SVM RBF Accuracy score =  87.17948717948718 %


Evidently, the RBF kernel algorithm performs quite poorly. 

**Decision Trees**

In [173]:
clf=DecisionTreeClassifier()
clf.fit(x_train,y_train)
y_pred=clf.predict(x_test)
y_pred
print("Decision Tree Accuracy score = ",metrics.accuracy_score(y_test,y_pred)*100,"%")

Decision Tree Accuracy score =  84.61538461538461 %


Decision trees perform very poorly. 

**K-Nearest Neighbor**

In [177]:
k = KNeighborsClassifier(n_neighbors = 3)         #Creates a classifier object 
k.fit(x_train, y_train)

KNeighborsClassifier(n_neighbors=3)

In [178]:
y_pred=k.predict(x_test)
y_pred
print("KNN Accuracy score = ",metrics.accuracy_score(y_test,y_pred)*100,"%")

KNN Accuracy score =  97.43589743589743 %


  mode, _ = stats.mode(_y[neigh_ind, k], axis=1)


The KNN result is the best thus far.

**Naive Bayes**

In [181]:
gnb = GaussianNB()        #Creates a classifier object 
gnb.fit(x_train, y_train)
y_pred=gnb.predict(x_test)
y_pred
print("Naive Bayes Accuracy score = ",metrics.accuracy_score(y_test,y_pred)*100,"%")
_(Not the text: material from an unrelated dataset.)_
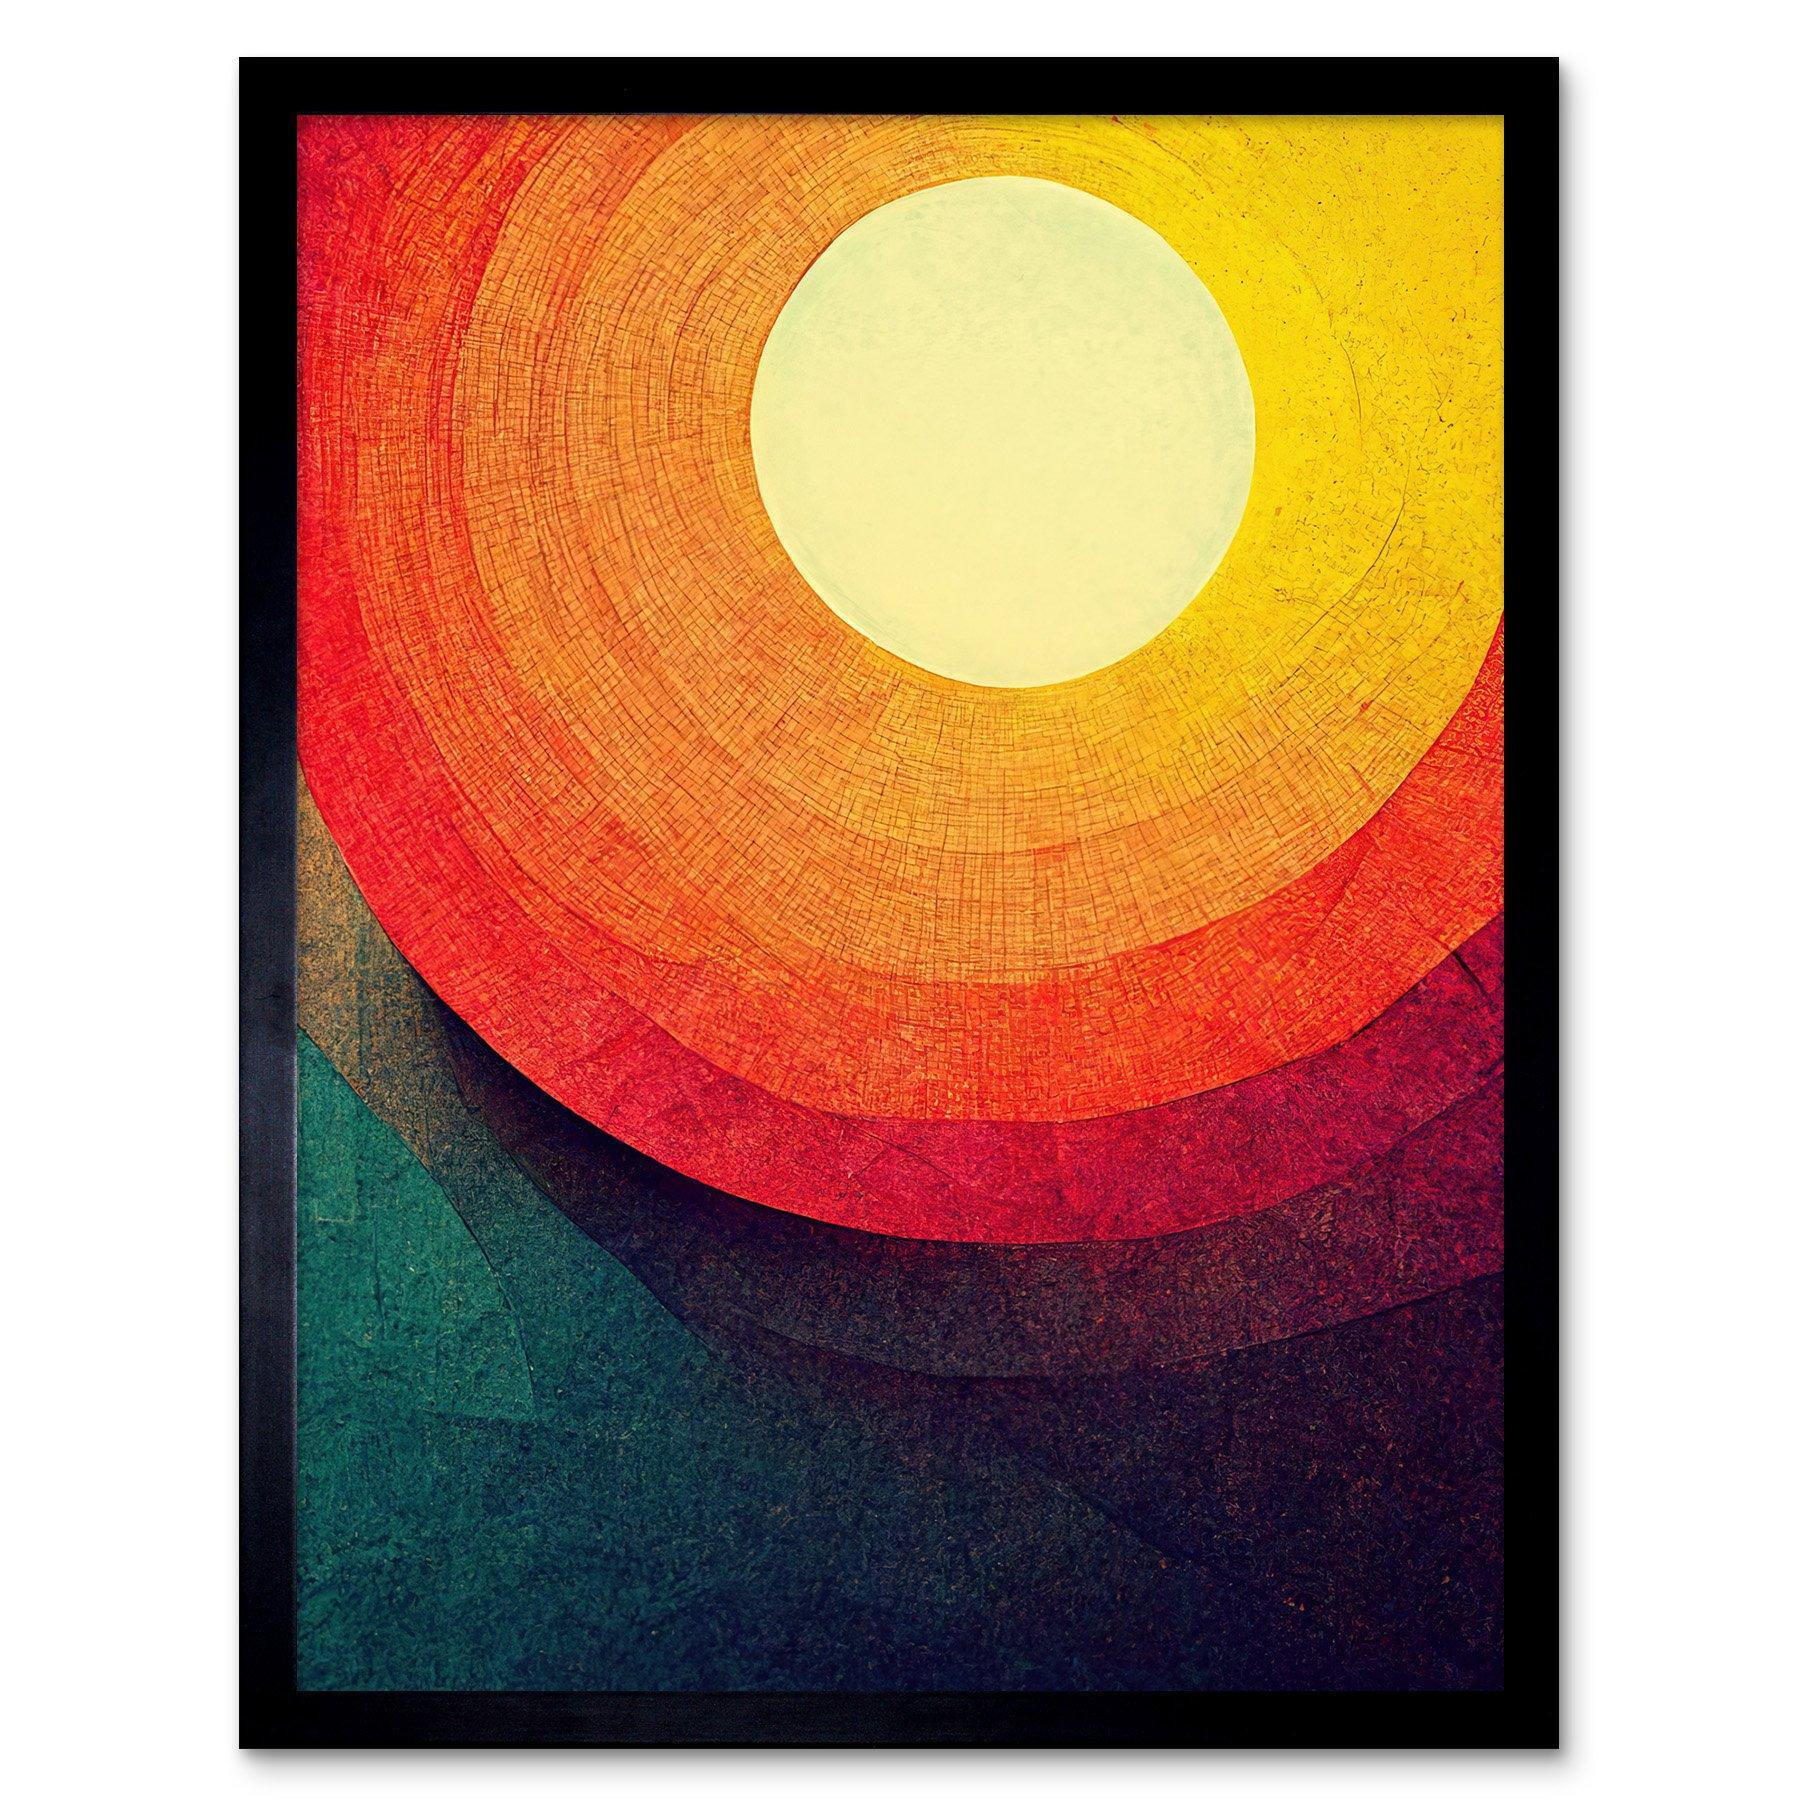 Abstract Sunrise Sunset Sunshine Retro Style Yellow Orange Cream Teal Art Print Framed Poster Wall Decor 12x16 inch - image 1
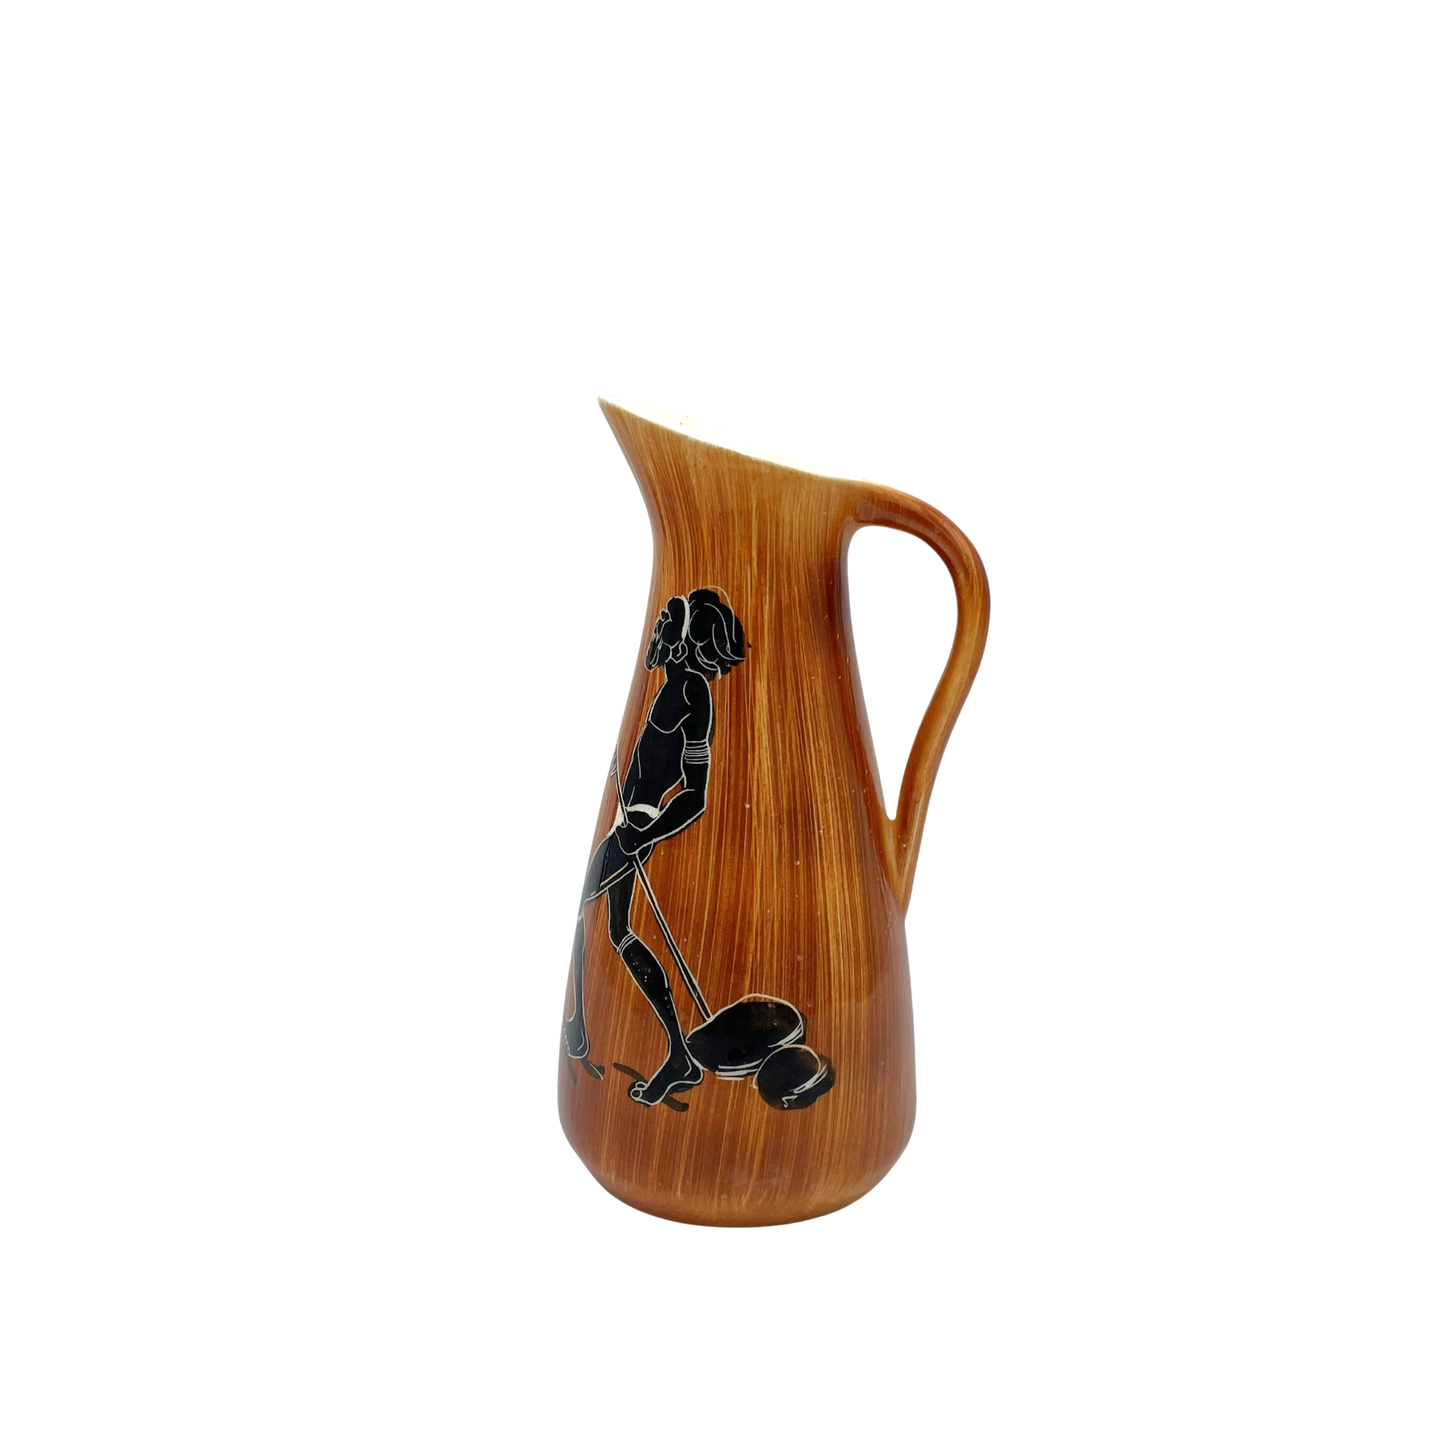 Florenz Pottery Australia Indigenous Jug - 20cm

Naive Bayes Accuracy score =  71.7948717948718 %


Naive Bayes produced the worst results thus far. 

From all the above algorithms, we may safely conclude that the K-Nearest Neighbor algorithm produced the most accurate results in predicting the condition of Parkinson's disease in a person. We may use more parameters to enhance the accuracy in the future and may also perform an analysis on the average age of its onset, stage wise stats, region wise stats and so on.